Найти в Дзене
Иван Владимиров

Этот гул был эхом света в тоннеле, по которому я летел

Вверх по течению Стикса

Книга погружения

6 часть

Розоватое, набирающее рост солнце поливало огнем убегающие посадки за прямоугольником окна в массивной лакированной раме, наполняя веселой и яростной дробью света пустой отсек вагона – старого, советского, обогретого уютом детских воспоминаний.

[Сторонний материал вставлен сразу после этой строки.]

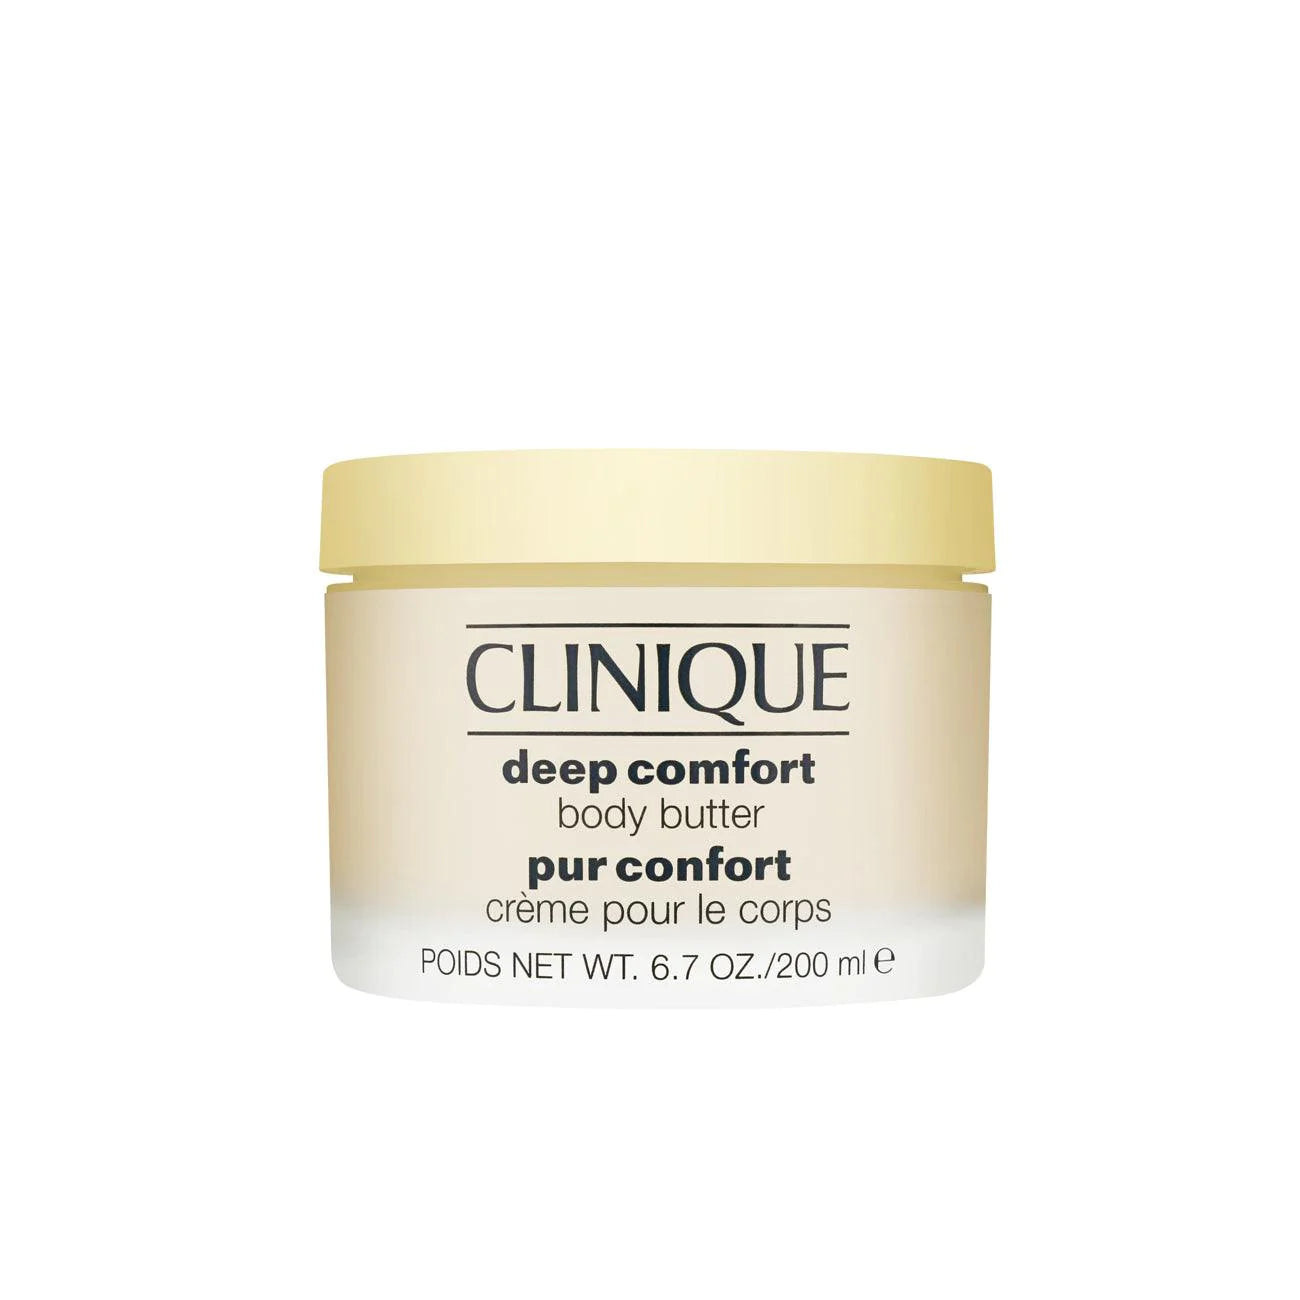 Clinique deep comfort body butter cream 
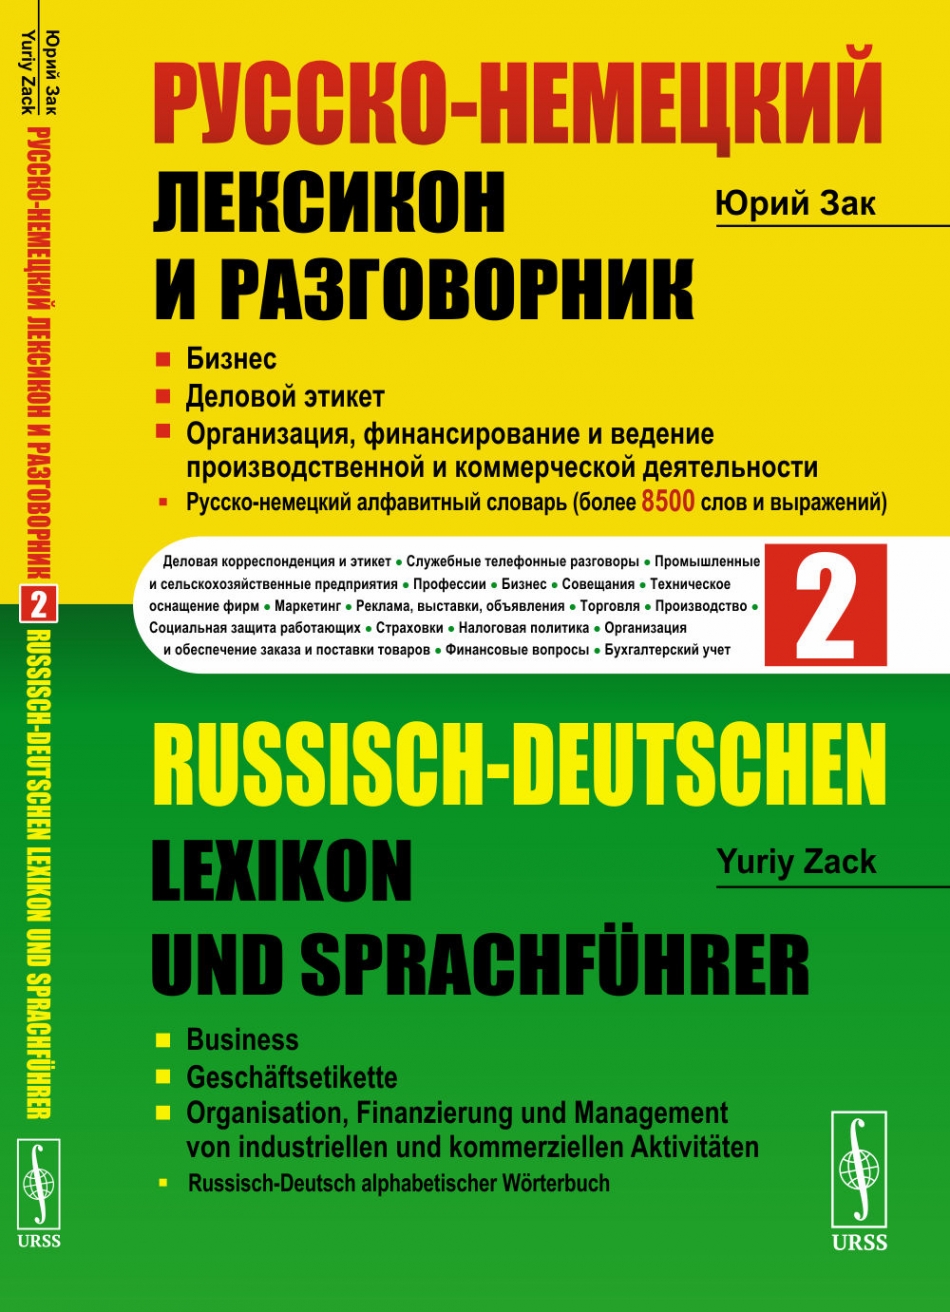  . -   .  2. .  . ,        / Russisch-Deutschen Lexikon und Sprachfuhrer

Когда-то давно такие вагоны возили меня к морю, вынимая почти на три дня из привычной, как бы одномерной реальности в реальность другую: протяженную, живую, ежеминутно меняющую свое содержимое перед взором маленького наблюдателя. Позабытые запахи, звуки, детали обрушились на меня сладкой ностальгической гаммой, в которой, правда, все-таки не хватало одной ноты – того самого ощущения беспричинного счастья, свойственного лишь детству.

Я посмотрел в вагонное окно и вдруг вспомнил, как раньше жадно впитывал в себя пролетающие пейзажи и города, потому что мог туда попасть, точнее, не знал, что не могу – в отличие от себя взрослого, безразличного к мелькающим видам, знающего, что вряд ли судьба сложится так, что ей придется переплестись с жизнью, пролегающей за окном. В детстве же каждая станция с длительной стоянкой, на которой я с родителями выходил размяться, была новым миром, слегка приоткрывающим себя и приглашающим стать его обладателем. Как-то на одной из таких привокзальных площадей я позабыл солдатика, и затем весь день думал о его судьбе, о том, что с ним стало и в чьи руки он мог попасть. Я придумал ему целую жизнь, сделав его своим маленьким послом, который теперь связывал меня с исчезнувшим городом, глядевшим навсегда изумленными окнами старого вокзала на проходящие перед ним поезда.

Мне захотелось встать и осмотреть вагон. Он оказался пуст. Тогда мне пришла в голову мысль разыскать мчащий его локомотив. По-моряцки расставив ноги (вагон заметно покачивало), я пошел в направлении головы поезда.

В тамбуре также никого не было, лишь шум колесного хода оказался предсказуемо громче. Шум был слегка странным – чуть более музыкальным, чем ему полагалось быть. Плотная джазовая партия ударных маскировала глубокие как горное озеро басовые ноты, которые исчезали, едва внимание теряло концентрацию. Я открыл дверь в межвагонный переход, и вот уже здесь музыка была чистой и явной.

Никогда мне не приходилось слышать что-то подобное.

Пение полотна, поднимающееся от земли, было растянутой модуляцией совершенно реликтового звука, умещавшего в себе всего одну ноту или даже гул и ангельское хоровое исполнение. Если Одиссей действительно слышал сирен, то они могли увлечь его лишь таким сладкозвучием. Музыка сверкающих рельс звенела абсолютной силой. Через секунду я понял, в чем она.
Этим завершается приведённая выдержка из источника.